But it may be the sheer mess of The Witcher that’s the key to its runaway success. (A friend recommended the show to me with the text: “It’s so bad. I really enjoy it!”) For all its Polish roots and mostly British cast, The Witcher offers a mishmash of elements that appeal uniquely to the American entertainment appetite. The series has the feel of a role-playing video game, complete with easily digestible missions, predictable character types, badass fight scenes, and gnarly gore. Geralt is the kind of stoic, itinerant, loner protagonist that fans of Westerns (or, for that matter, The Mandalorian) will eat up. And for all its problematic elements when it comes to depicting women, the show does offer some complex, powerful female characters that at least somewhat fill the void left behind by Cersei Lannister and Daenerys Targaryen.

And even when the plot barely makes sense, The Witcher most certainly knows how to have fun — the kind of fun that involves, among other things, genie bottle-fishing, intersecting timelines, surprise adoptions, giant spider monsters, and falling-through-the-floor-of-a-house sex.

And then there’s that song. My God, that song. Sonya Belousova, Giona Ostinelli, and Jenny Klein’s “Toss a Coin to Your Witcher” has taken up residence in all of our heads, and shows no sign of leaving before the spring thaw. With its catchy melody, dubious rhymes, and eminently belt-able refrain (O’ valley of plentyyyy!), “Toss a Coin” runs where, say, Thrones’ “The Rains of Castamere” merely walked. Before Netflix finally released the song on Spotify a few weeks back, enterprising fans took to YouTube with covers in styles ranging from classical guitar to heavy metal. There’s nothing like an over-the-top musical moment to galvanize the internet.

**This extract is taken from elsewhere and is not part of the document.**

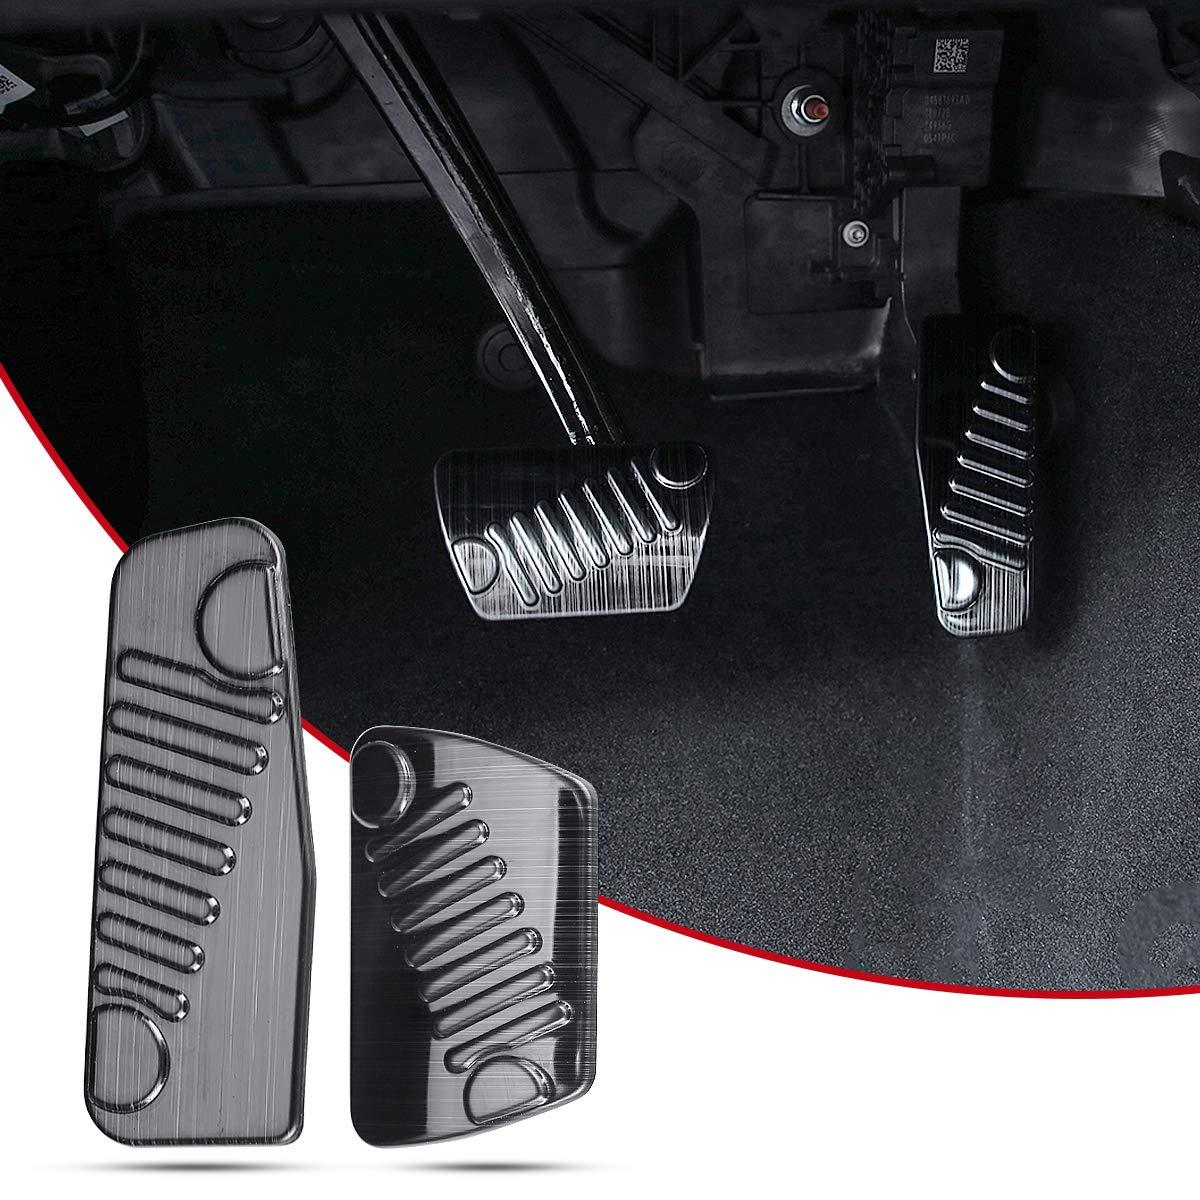 ZGBADMAN Stainless Steel Foot Pedal Set kit 2pcs//Set Black Auto Foot Pedal Pads Pedal Accelerator Brake Pad Trim Cover for Jeep Wrangler JL 2018

For my own part, I watched The Witcher the way Geralt of Rivia does everything: with great annoyance that accidentally blooms into grudging devotion. After eight-plus hours of monster slaying, courtly scheming, magical portents, gruesome battles, and writhing bodies, all set to the dulcet tones of Cavill’s basso grunt, I wasn’t so much a convert as a victim of quasi-medieval Stockholm syndrome. Maybe we all are. But, hey, there are worse ways to spend the winter.